Gene Editing of Healthy Cells Improves CAR T-cell Therapy for AML, Preclinical Study Shows

Gene Editing of Healthy Cells Improves CAR T-cell Therapy for AML, Preclinical Study Shows

Genetic modification of healthy blood stem cells prevents off-target effects of chimeric antigen receptor (CAR) T-cell therapy for treating acute myeloid leukemia (AML), a recent preclinical study shows.

The study, “Genetic Inactivation of CD33 in Hematopoietic Stem Cells to Enable CAR T Cell Immunotherapy for Acute Myeloid Leukemia,” was published in the journal Cell.

Nowadays, CAR T-cell therapy is one of the most promising strategies to fight cancer. It genetically alters T-cells — a type of white blood cell that recognizes foreign molecules through specific membrane receptors — so that their receptors specifically recognize and kill tumor cells.

CAR T-cell therapy requires taking blood from the patient, isolating T-cells, changing the cells genetically to attack proteins associated with cancer, and then infusing them back into the patient. The most suitable target protein is the one that’s highly expressed by tumor cells and absent in healthy cells.

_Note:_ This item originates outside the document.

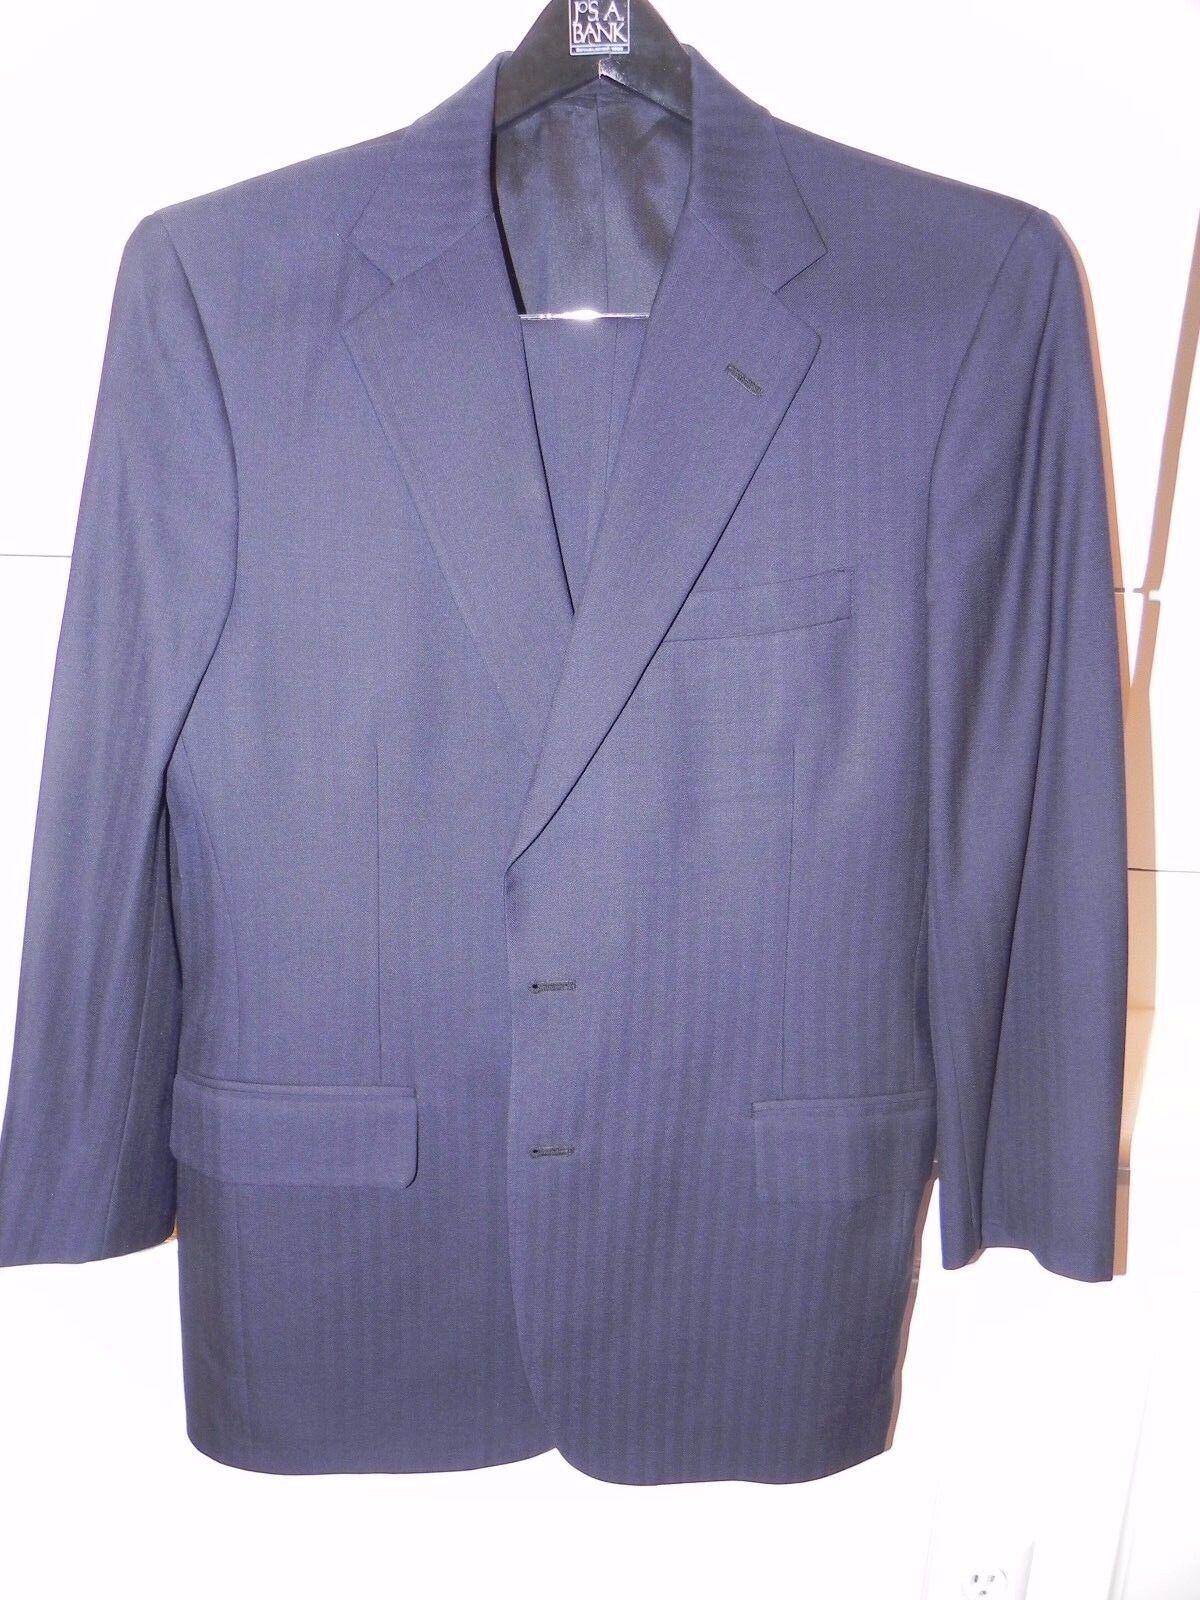 Tom James Custom Bespoke Suit Navy Blau Blau Wool  Herringbone 40 R

However, this is very difficult to achieve, and so far, CAR T-cell therapy not only targets tumor cells, but also healthy ones, called “off-target effects.”

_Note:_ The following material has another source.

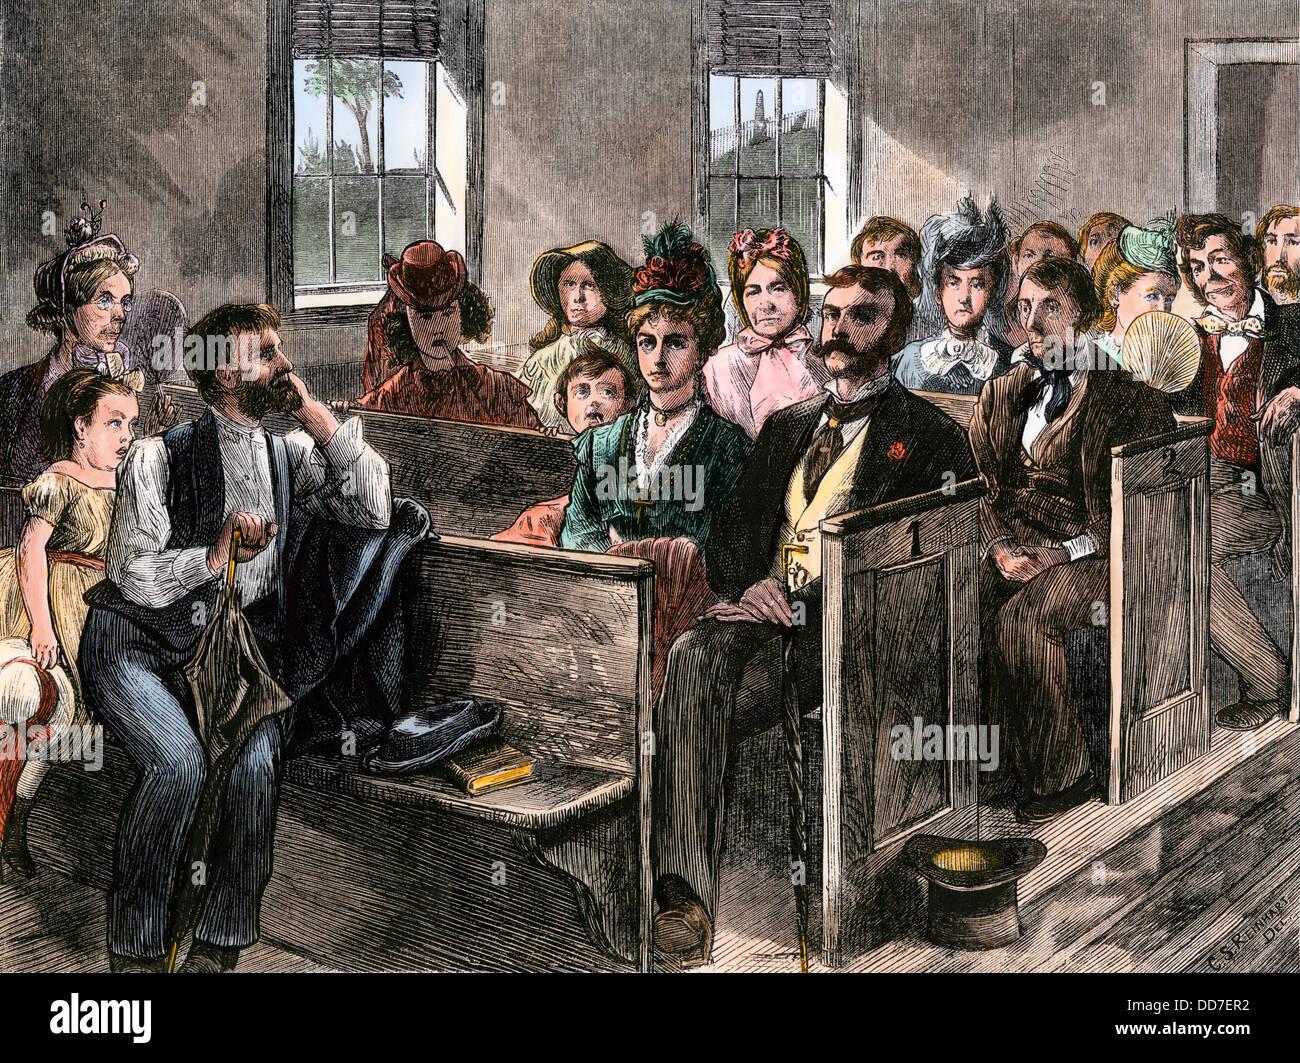 Ville aux participants d'une église de campagne, 1870. À la main, gravure sur bois Photo Stock

One of those examples is AML, a type of blood cancer that causes the overproduction of immature myeloid cells, which are blood cells that give rise to red blood cells, platelets, and special types of white blood cells.

The use of CD33 — a cell surface molecule highly expressed in AML cancer cells — as a target of CAR T-cell therapy for AML results in the destruction not only of cancer cells, but also healthy myeloid cells.

To develop a specific CAR T-cell therapy against CD33, researchers at the University of Pennsylvania’s Abramson Cancer Center designed and evaluated the effectiveness of a new approach that combines CAR T-cell therapy with transplantation of modified healthy stem cells that no longer have CD33.

The removal of CD33 from healthy stem cells was achieved with the CRISPR/Cas9 gene editing system, which allows researchers to edit parts of the genome by adding, removing, or changing specific sections of the DNA.

Human stem cells lacking CD33 were found to be functional not only when grown in the lab, but also when injected into mouse and primate models.

The injection of these modified stem cells, along with CAR T-cells against CD33, in a mouse model showed that CAR T-cells selectively attacked CD33-positive cancer cells, without affecting healthy cells.

“This study represents a significant advance toward effective and safe targeting of leukemia cells using CAR T cells,” Cynthia E. Dunbar, the study’s co-senior author, said in a press release.

“Think of this as bone marrow transplant 2.0; the next generation of transplants,” said Saar I. Gill, the study’s co-senior author. “It gives you a super powerful anti-leukemia effect thanks to the CAR T cells, but at the same time it has the potential to get rid of the main toxicity,” he said.

The researchers believe this approach will lead to higher response rates in AML patients, and they now hope to move to human trials. In AML patients in remission, instead of modifying the patient’s cells — which can still have undetectable cancer cells — this approach could be performed using cells from a healthy donor.

The researchers noted this strategy might be used for other cell-surface molecules, or to other forms of targeted immunotherapy, opening the door to new and improved treatments in AML.